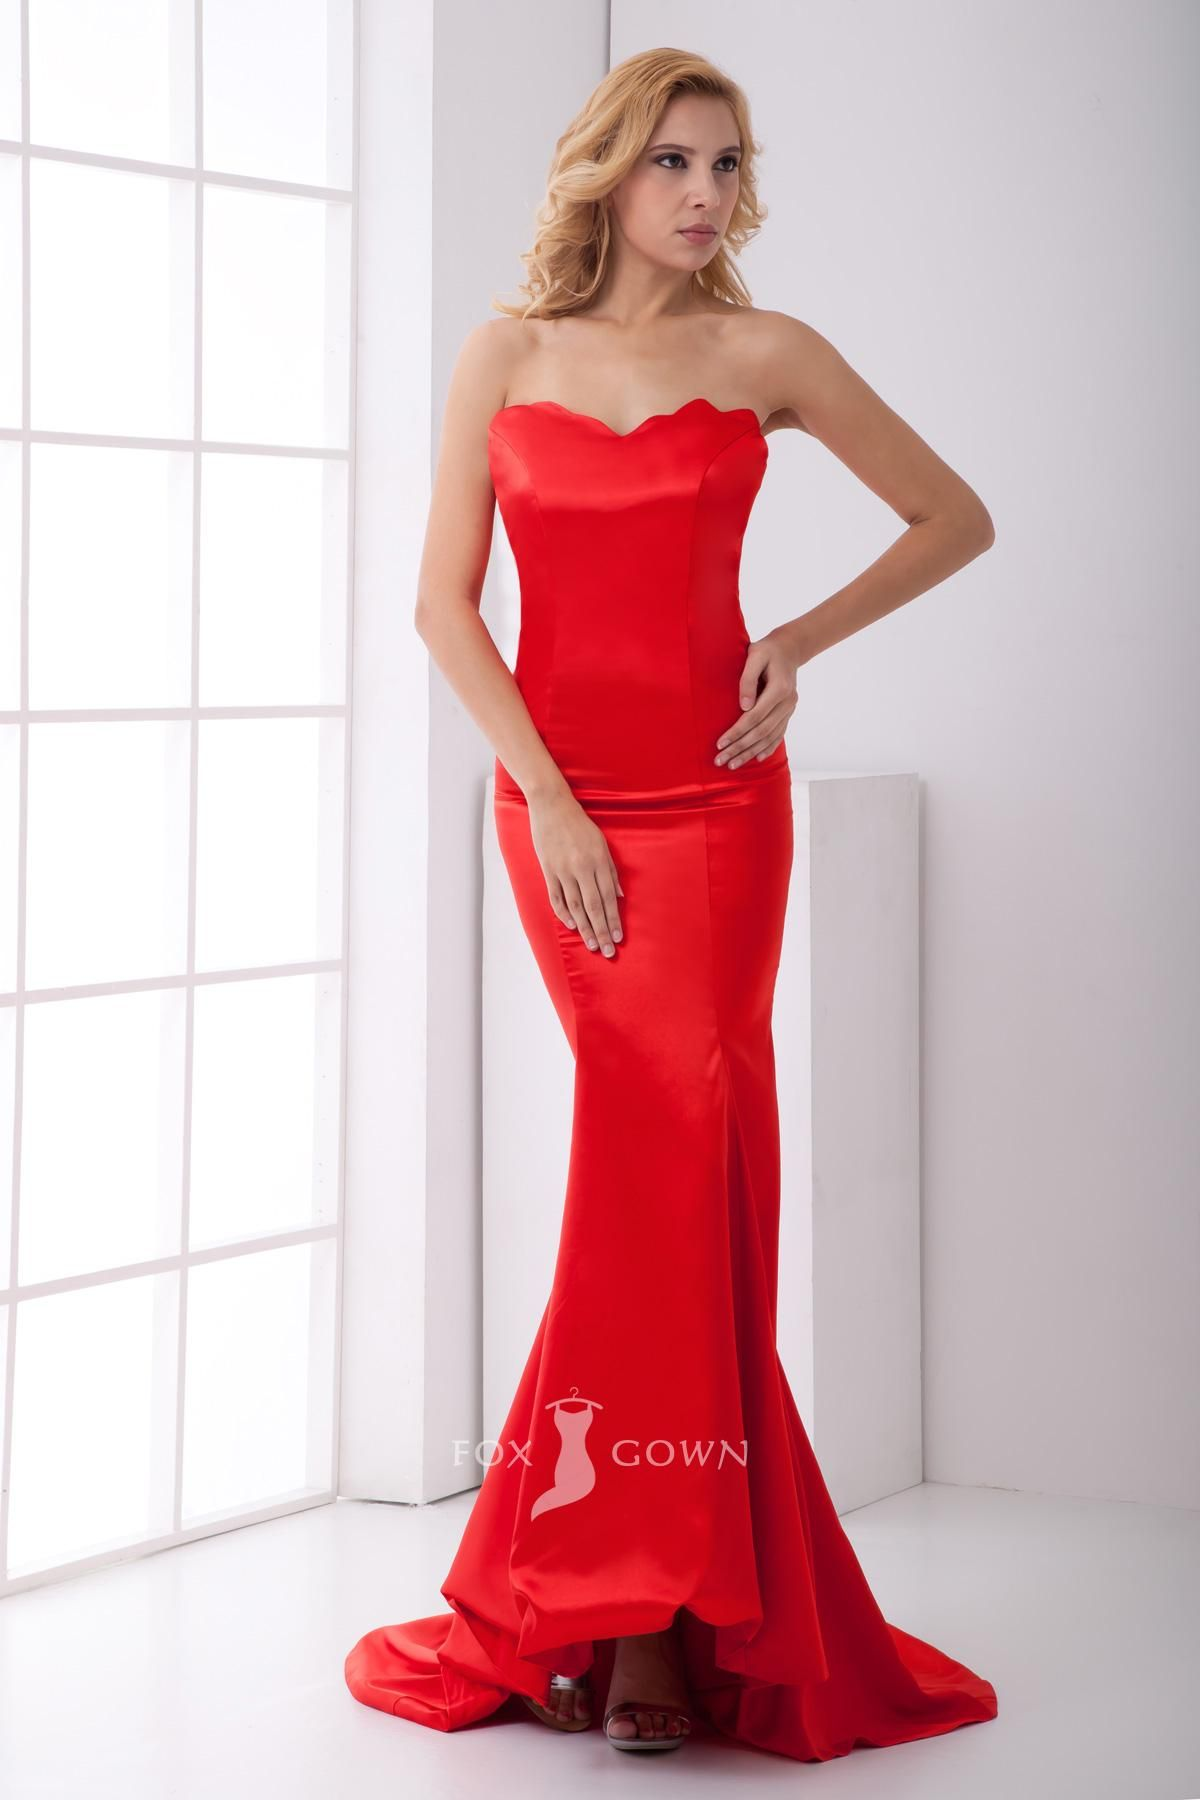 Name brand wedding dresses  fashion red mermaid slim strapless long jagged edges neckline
# # # #
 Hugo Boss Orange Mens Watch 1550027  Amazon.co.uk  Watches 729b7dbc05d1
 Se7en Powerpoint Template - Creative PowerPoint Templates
# # # #
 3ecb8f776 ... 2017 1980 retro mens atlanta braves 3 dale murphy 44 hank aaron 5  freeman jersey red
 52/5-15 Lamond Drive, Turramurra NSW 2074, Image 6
# # # #
▶ What is expected: Retype the portion of the data above that starts on the line with "3ecb8f776 ... 2017" and finishes on the line with "52/5-15 Lamond Drive, Turramurra", including both of those lines.

▶ Answer box:
 3ecb8f776 ... 2017 1980 retro mens atlanta braves 3 dale murphy 44 hank aaron 5  freeman jersey red
 52/5-15 Lamond Drive, Turramurra NSW 2074, Image 6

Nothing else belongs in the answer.